Inventory and Inventory-in-Transit

 

Inventory is stated at the lower of cost or market and accounted for using the weighted average cost method. The inventory balances as of December 31, 2017 and 2016 consist of products purchased for resale and any materials the Company purchased to modify the products. All inventory held is finished goods as of December 31, 2017 and 2016.

 

Accounts Receivable and Allowance for Doubtful Accounts

 

Accounts receivable are carried at their estimated collectible amounts. Accounts receivable are periodically evaluated for collectability based on past credit history with clients and other factors. Provisions for losses on accounts receivable are determined on the basis of loss experience, known and inherent risk in the account balance, and current economic conditions.  As of December 31, 2017 and 2016, the Company carried receivables of $172,045 and $129,002, respectively, and no allowances against such.

 

See accompanying Independent Auditor’s Report

 

 F-7 

 

 

SLIDEBELTS, INC.
NOTES TO FINANCIAL STATEMENTS
As of December 31, 2017 and 2016 and for the years ended

 

Property and Equipment & Intangible Assets

 

Property and equipment are recorded at cost when purchased. Depreciation is recorded for property and equipment using the straight-line method over the estimated useful lives of assets. The Company reviews the recoverability of all long-lived assets, including the related useful lives, whenever events or changes in circumstances indicate that the carrying amount of a long-lived asset might not be recoverable. The balances at December 31, 2017 and 2016 have estimated useful lives ranging from 3 to 20 years while capitalizing assets who have a useful life greater than 1 year and whose cost is greater than $250 for property and equipment and all costs are capitalized for patents and trademarks. The Company’s property and equipment, and intangible assets consisted of the following as of December 31, 2017 and 2016:

 

   2017   2016 
Property and equipment, at cost  $393,723   $263,863 
Accumulated depreciation   (130,250)   (70,915)
Property and equipment, net  $263,473   $192,948 
           
Depreciation expense  $59,334   $43,200 
           
Intangibles (Trademarks and patents)  $91,110   $69,765 
Accumulated amortization   (7,732)   (3,052)
Intangibles, net  $83,378   $66,713 
           
Amortization expense  $4,680   $2,211 
           
Loan fees  $32,571   $32,571 
Accumulated amortization   (19,958)   (17,114)
Loan fees, net  $12,613   $15,457 
           
Interest expense  $2,844   $2,419 

 

Fair Value of Financial Instruments

 

Financial Accounting Standards Board (“FASB”) guidance specifies a hierarchy of valuation techniques based on whether the inputs to those valuation techniques are observable or unobservable. Observable inputs reflect market data obtained from independent sources, while unobservable inputs reflect market assumptions. The hierarchy gives the highest priority to unadjusted quoted prices in active markets for identical assets or liabilities (Level 1 measurement) and the lowest priority to unobservable inputs (Level 3 measurement).
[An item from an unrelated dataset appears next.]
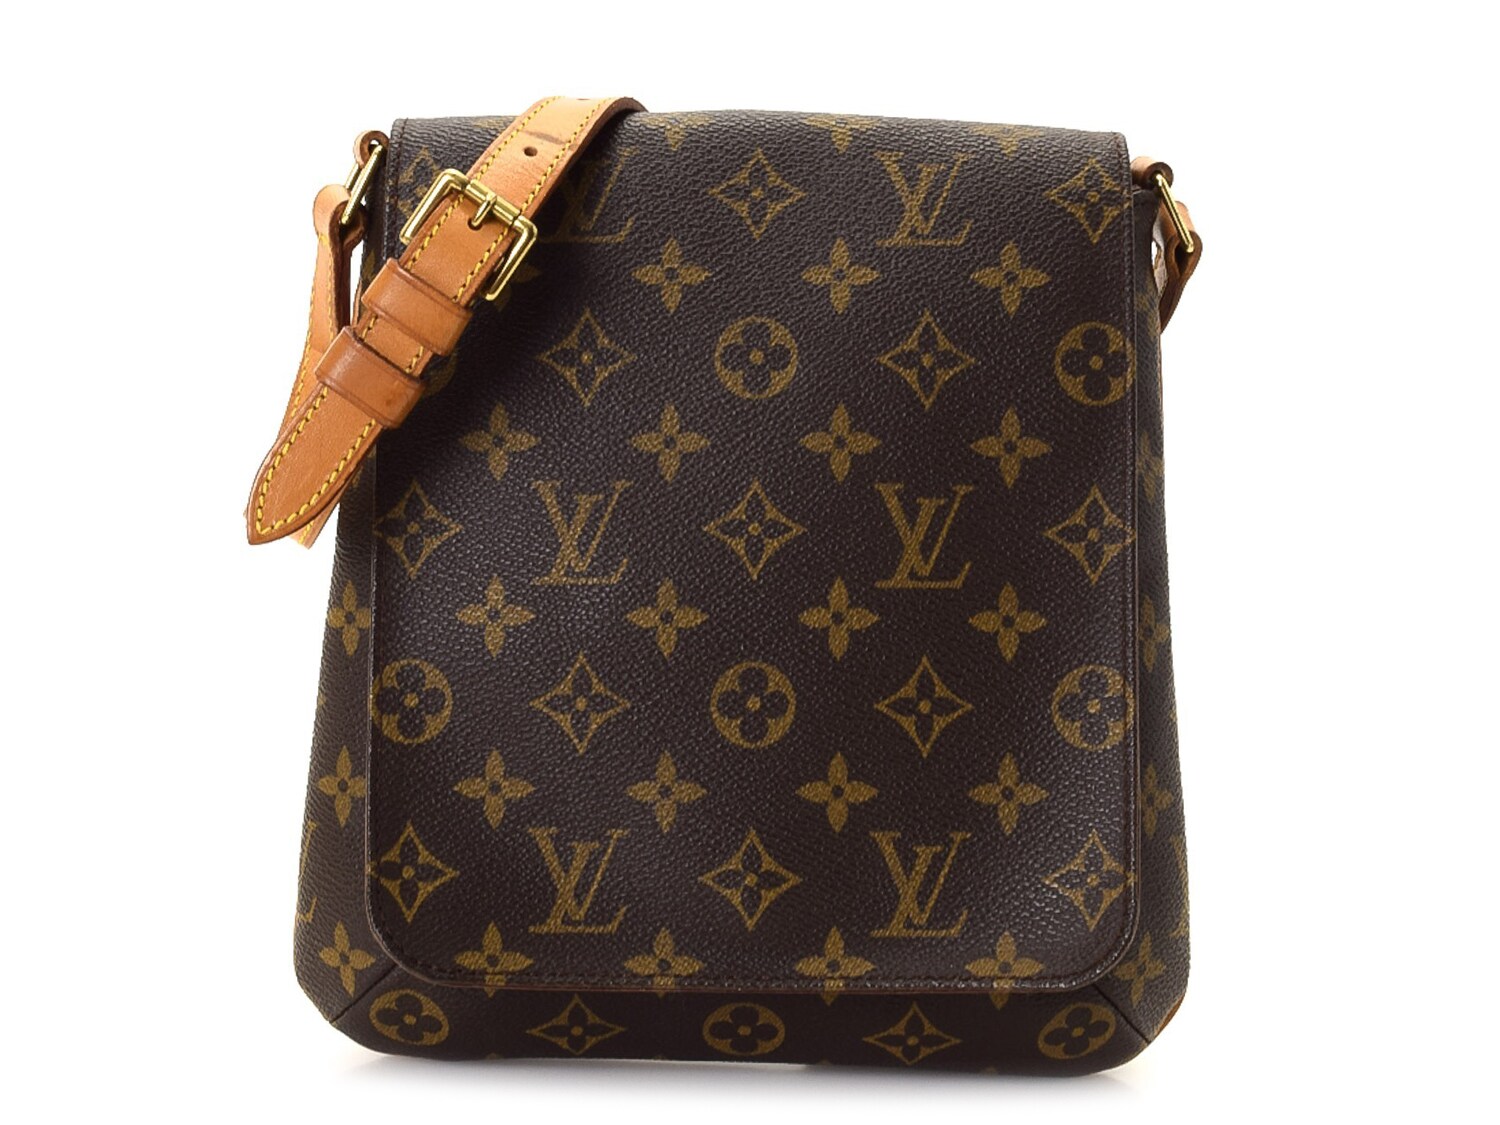 Louis Vuitton - Authenticated Musette Handbag - Synthetic Brown for Women, Very Good Condition

The three levels of the fair value hierarchy are as follows:

 

Level 1 - Unadjusted quoted prices in active markets for identical assets or liabilities that the reporting entity has the ability to access at the measurement date. Level 1 primarily consists of financial instruments whose value is based on quoted market prices such as exchange-traded instruments and listed equities.

 

See accompanying Independent Auditor’s Report

 

 F-8 

 

 

SLIDEBELTS, INC.
NOTES TO FINANCIAL STATEMENTS
As of December 31, 2017 and 2016 and for the years ended

 

Level 2 - Inputs other than quoted prices included within Level 1 that are observable for the asset or liability, either directly or indirectly (e.g., quoted prices of similar assets or liabilities in active markets, or quoted prices for identical or similar assets or liabilities in markets that are not active).

 

Level 3 - Unobservable inputs for the asset or liability. Financial instruments are considered Level 3 when their fair values are determined using pricing models, discounted cash flows or similar techniques and at least one significant model assumption or input is unobservable.

 

The carrying amounts reported in the balance sheets approximate their fair value, except as noted below.

 

The company engaged an independent valuation firm to prepare a fair value (FV) measurement of certain tangible and intangible assets as of December 31, 2017. The Financial Accounting Standards Board’s (“FASB”) Accounting Standards Codification (“ASC”) 820 (Fair Value Measurements and Disclosure) defines fair value as “the price that would be received to sell an asset or paid to transfer a liability in an orderly transaction between market participants at the measurement date.”

 

The Fair Value of certain tangible and intangible assets measured as of December 31, 2017 are as follows:

 

Tangible Assets  $294,732 
Trained and Assembled Workforce   522,726 
Trademarks, Trade Name & Script   1,776,644 
Patents   7,657,828 
Customer Relationships   543,602 
Total  $10,795,532 

 

Management believes that the fair values of these assets as measured give a more realistic indication of Company’s asset values and what would be received in an orderly transaction between market participants at the measurement date, but such are not adjusted to fair value in accordance with generally accepted accounting principles.

 

Revenue Recognition

 

The Company recognizes revenue when: (1) persuasive evidence exists of an arrangement with the customer reflecting the terms and conditions under which products or services will be provided; (2) delivery has occurred or services have been provided; (3) the fee is fixed or determinable; and (4) collection is reasonably assured. The Company typically collects revenue upon sale and recognizes the revenue when the item has shipped. Sales tax is collected on sales in California and Indiana and these taxes are recorded as a liability until remittance. The Company includes credit card merchant account fees and Amazon fees as cost of goods sold in the statements of operations.

 

Stock-Based Compensation

 

The Company accounts for stock-based compensation in accordance with ASC 718, Compensation - Stock Compensation.  Under the fair value recognition provisions of ASC 718, stock-based compensation cost is measured at the grant date based on the fair value of the award and is recognized as expense either ratably or by the percentage of vested shares, whichever method results in a higher value.  The Company uses the Black-Scholes option pricing model to determine the fair value of stock options.  

 

See accompanying Independent Auditor’s Report

 

 F-9 

 

 

SLIDEBELTS, INC.
NOTES TO FINANCIAL STATEMENTS
As of December 31, 2017 and 2016 and for the years ended

 

Deferred Offering Costs

 

The Company complies with the requirements of FASB ASC 340-10-S99-1 with regards to offering costs. Prior to the completion of an offering, offering costs are capitalized. The deferred offering costs are charged to stockholders’ equity upon the completion of an offering or to expense if the offering is not completed.

 

Deferred Advertising Costs (Restated)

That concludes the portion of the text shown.